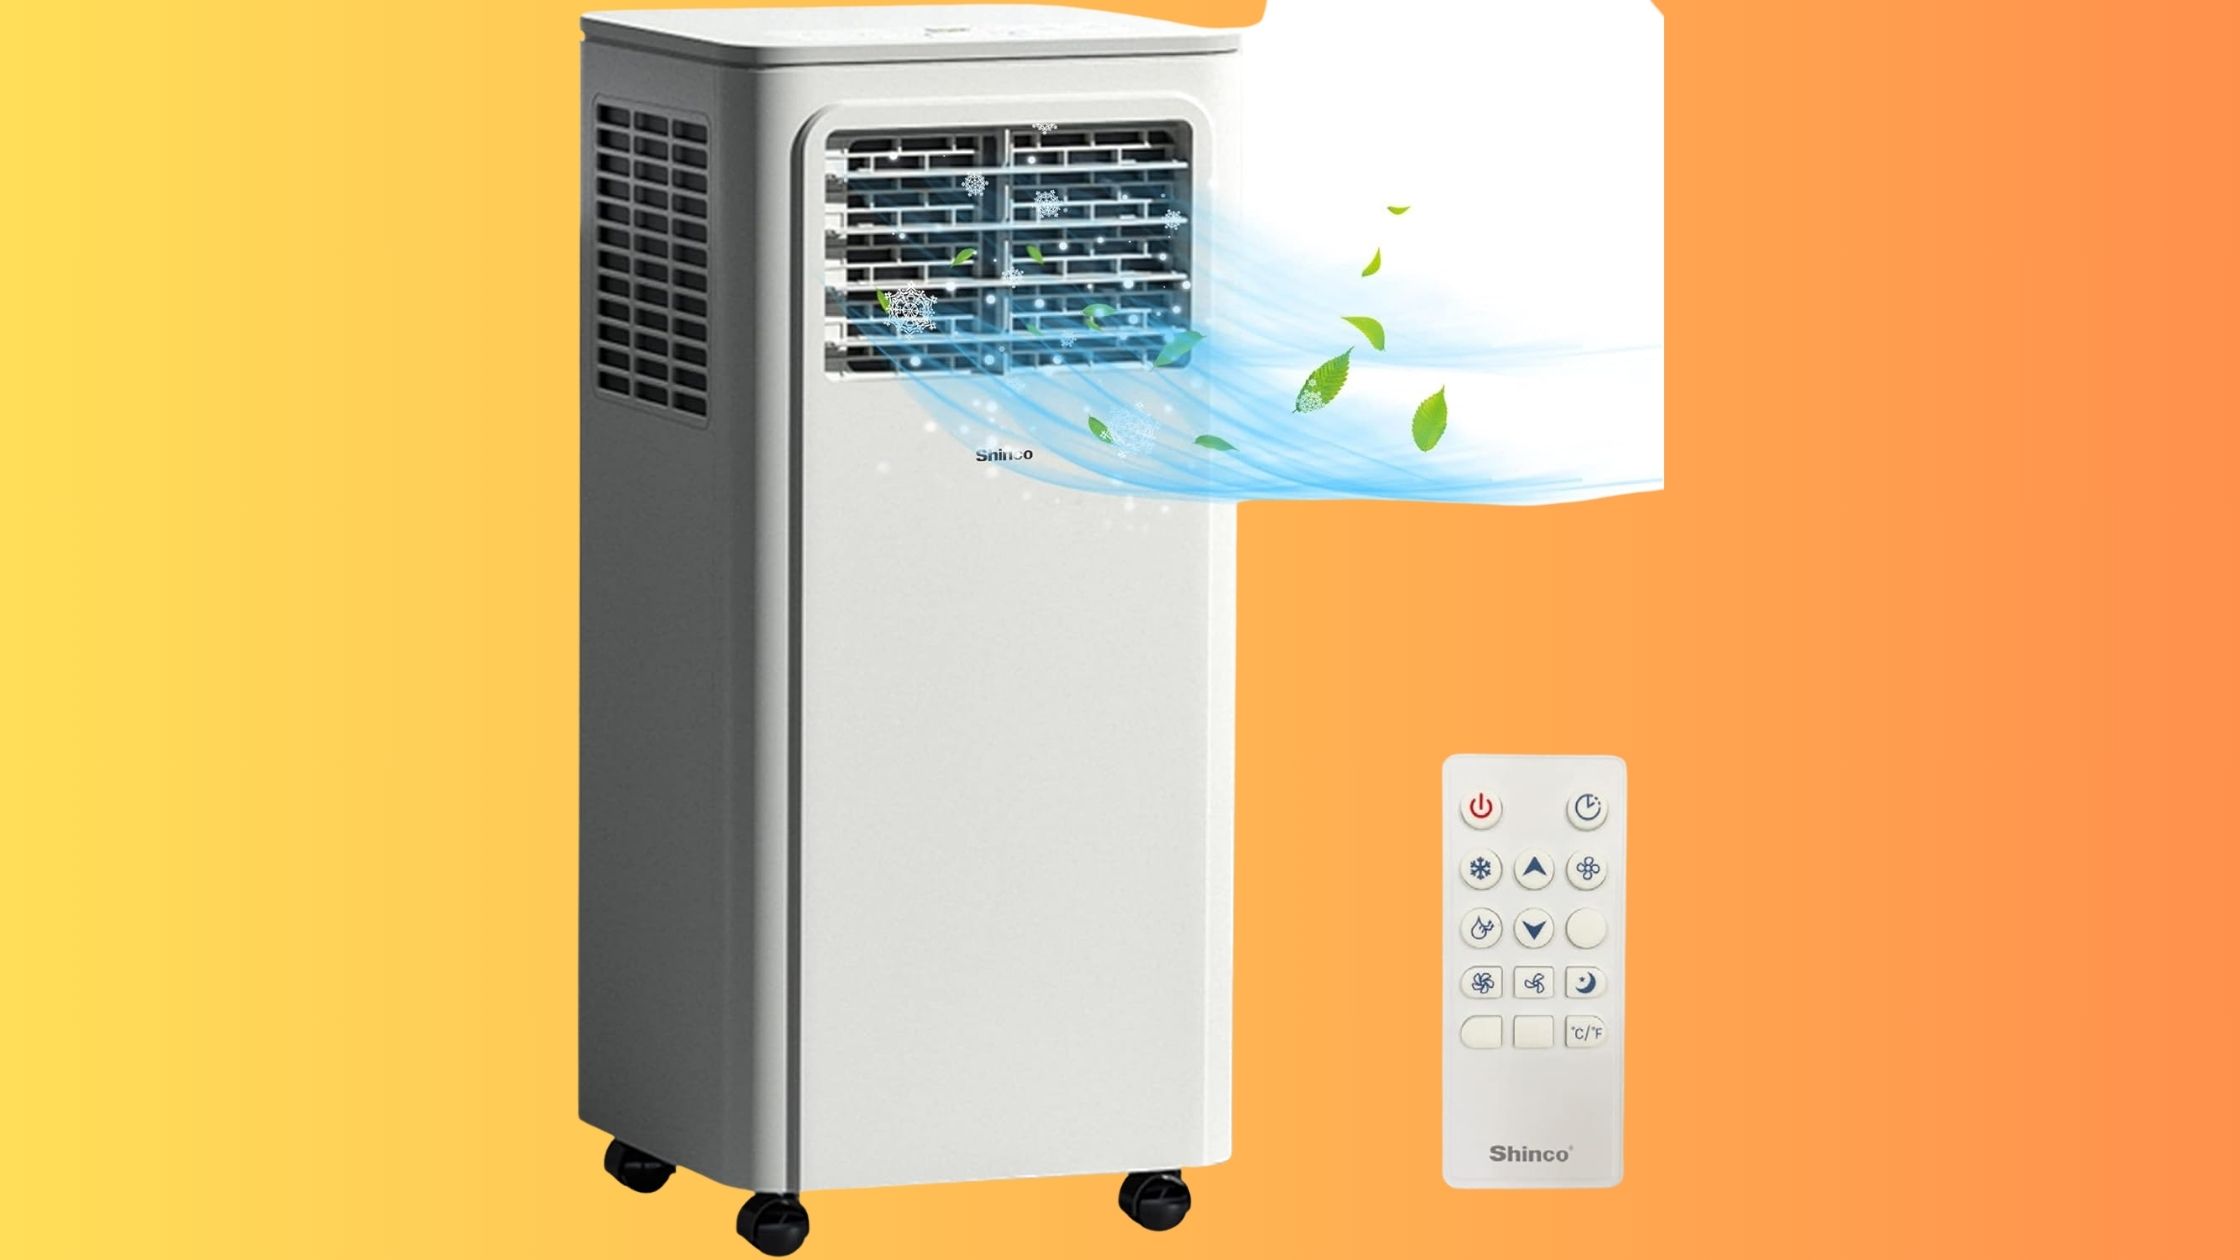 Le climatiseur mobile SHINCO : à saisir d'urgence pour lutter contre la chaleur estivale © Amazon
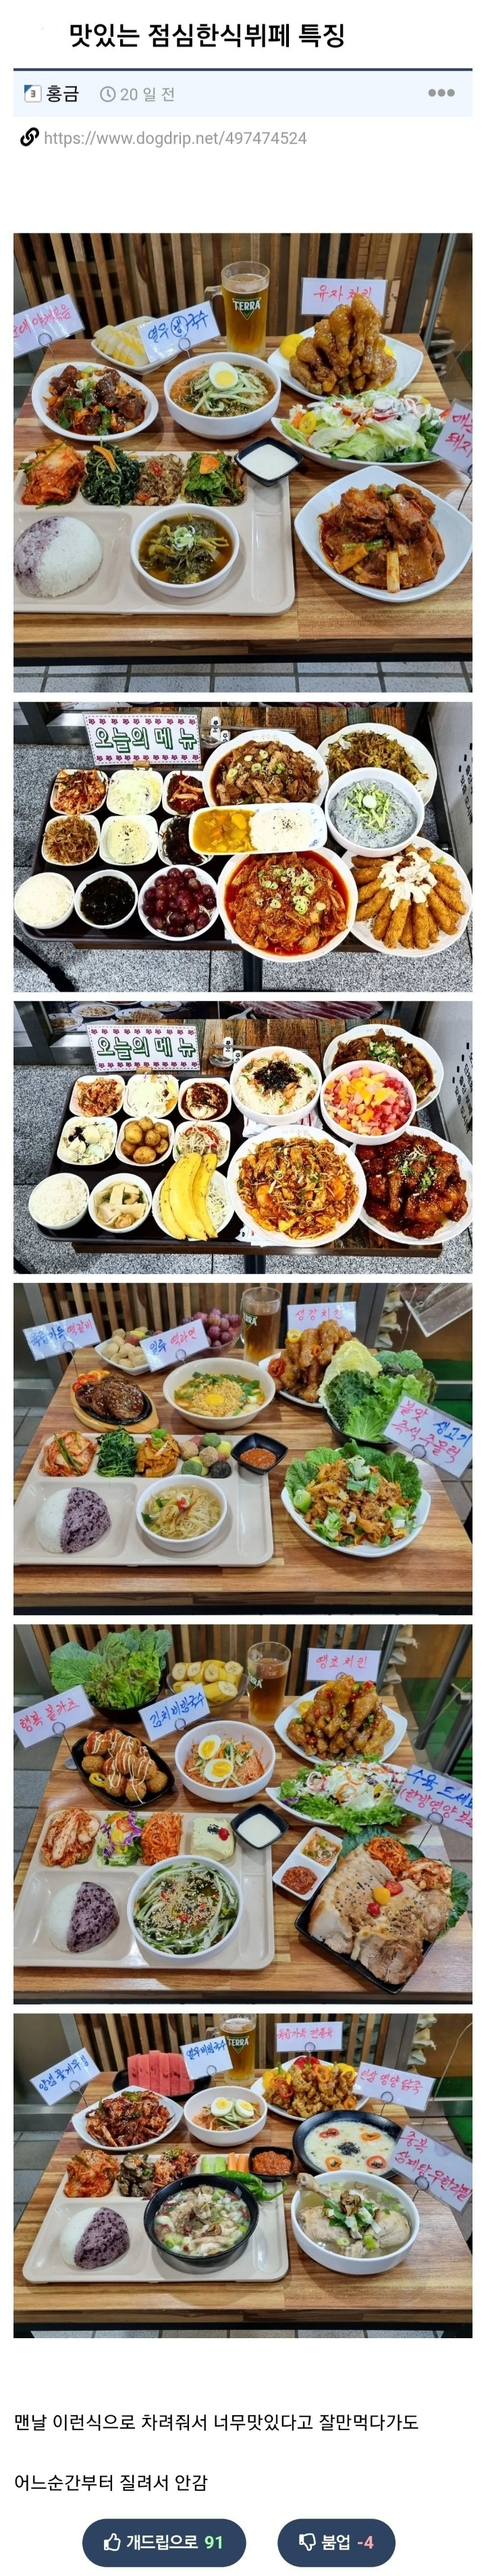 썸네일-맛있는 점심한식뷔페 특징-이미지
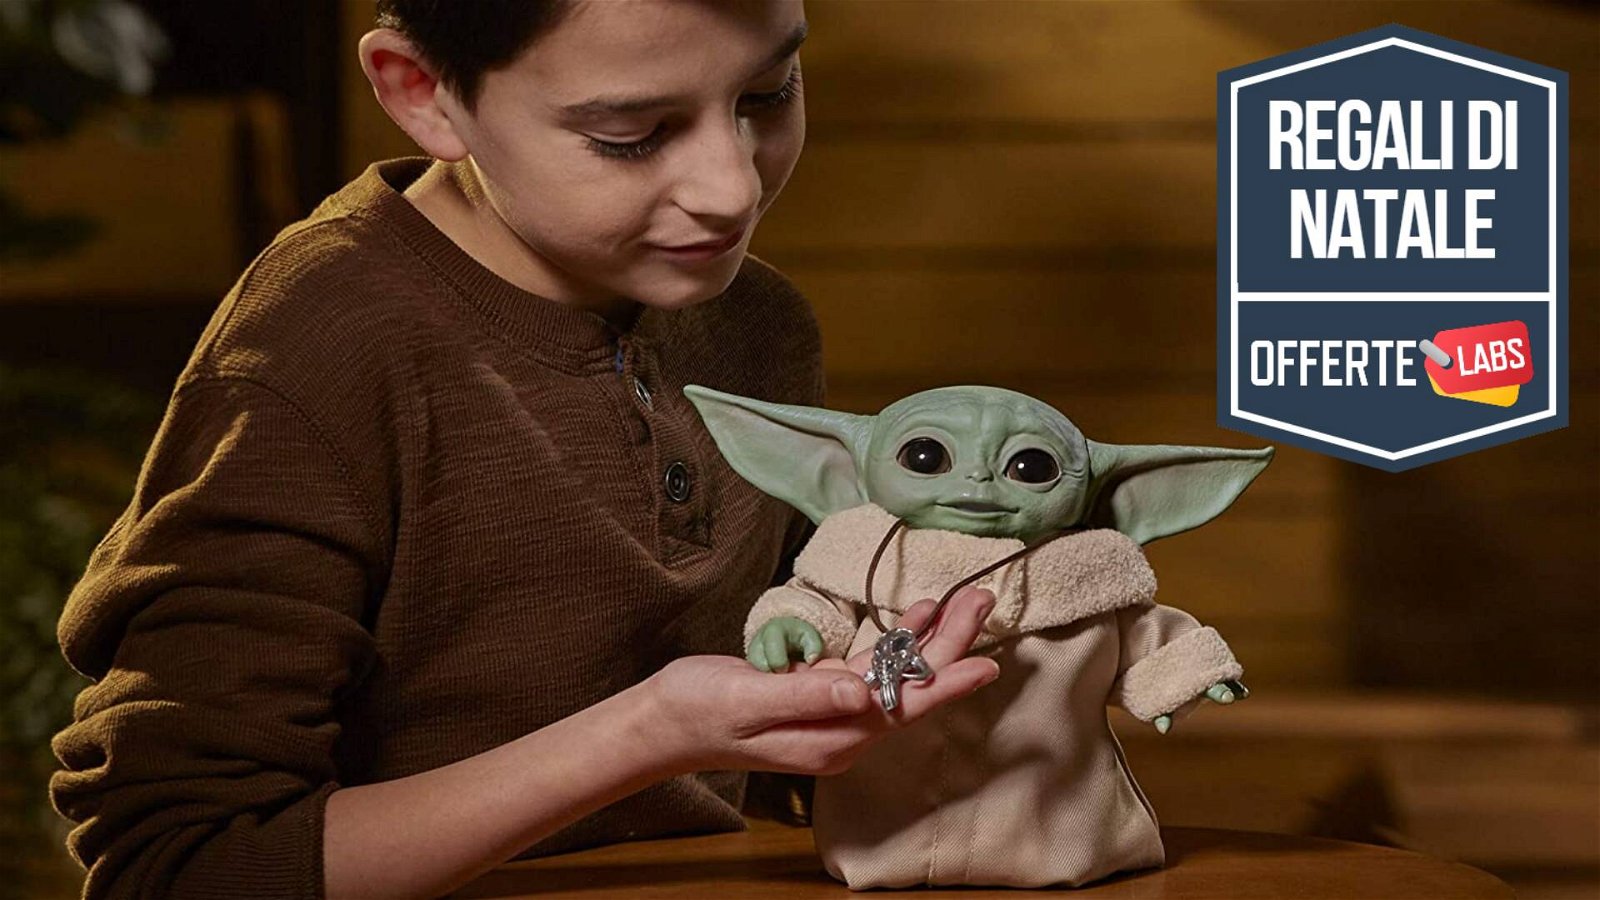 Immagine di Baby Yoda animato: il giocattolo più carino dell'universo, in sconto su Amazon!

####

_ACTION ITEM_: Pictures aside, return all of the material exactly as written.

_SOLUTION TO THIS TASK_:
 Le climatiseur mobile SHINCO : à saisir d'urgence pour lutter contre la chaleur estivale © Amazon
 썸네일-맛있는 점심한식뷔페 특징-이미지
 Immagine di Baby Yoda animato: il giocattolo più carino dell'universo, in sconto su Amazon!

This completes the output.